Actually I address my question to nvcc developers. I’ve also locked through code that multiplies VV and code that multiplies V0.9f and found that first works slower due to mul.f32 %f2,$f1,%f1 while second code generates series of mov.32f %f2,0.9f and mul.32f %f3,%f2,%f1. I suppose second works faster because pipeline logic can’t efficiently load value from the one register. The second code doesn’t not uses same registers. Am I right? If so why not to create the code with different registers in mov.f32 for V*V C++ instruction.

The one thing that I still can’t understand if pipeline and ILP are the same? Why I do I need lots of warps with more overall threads that actually exists on my SM. Even if I will unroll my loops to 16, 32, 128 etc. operations i still need TLP, lots of warps etc.

You appear to be looking at PTX code which is an intermediate representation and not the code that actually runs on the machine. PTX code generated by nvcc follows SSA conventions, which loosely speaking means that each result written by an instruction is assigned to a new virtual register. PTX code gets compiled down to machine language by PTXAS, which controls register allocation and instruction scheduling. Note that PTXAS is a compiler, not an assembler, so it is able to apply a fairly wide range of code transformations, including loop unrolling.

To get a handle on the performance differences, you would have to look at the machine language (SASS) generated for the various cases. You can do so by disassembling the binary with cuobjdump --dump-sass.

Thanx a lot njuffa. But as i see unrolling happens on nvcc stage.
I had a guess that xptxas optimizes the code. More over a cant see ld.cg.global instructions when compiling with -dlcm=cg.
This disassembly is really helpful and code seems to quite clear.
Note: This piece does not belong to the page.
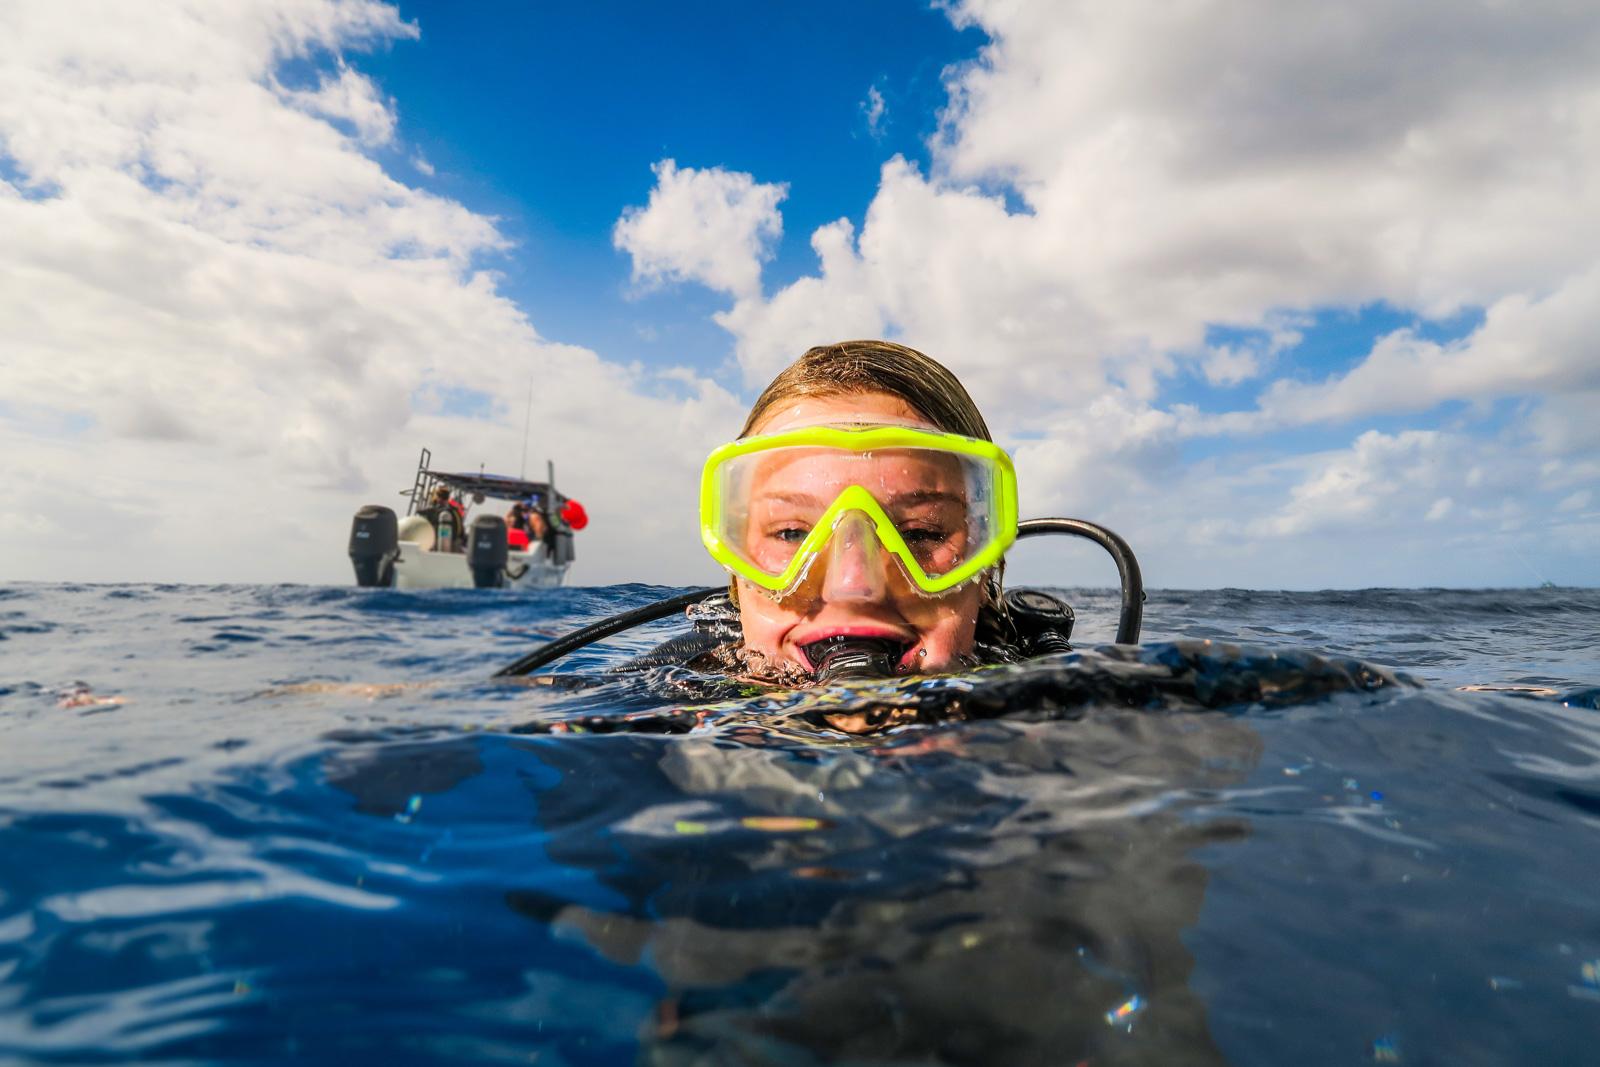 Scuba life cozumel diving i scuba diving in cozumel mexico - Cozumel dive sites ...

----------------------------------6 hours later

cuobjdump is a really great thing! One thing I cant understand how it creates --dump-ptx from binary with exactly the same command sequence as in .ptx output of nvcc (except links to lines of .cu source). sass output was very helpful for my problem with --dlcm=cg

btw, does anybody know a useful link to nvcc intrinsics? I want to invoke ld.cg.global(ptx)/LD.E.CG(sass) for only one transaction and -dlcm=cg makes all global transaction to be non-caching.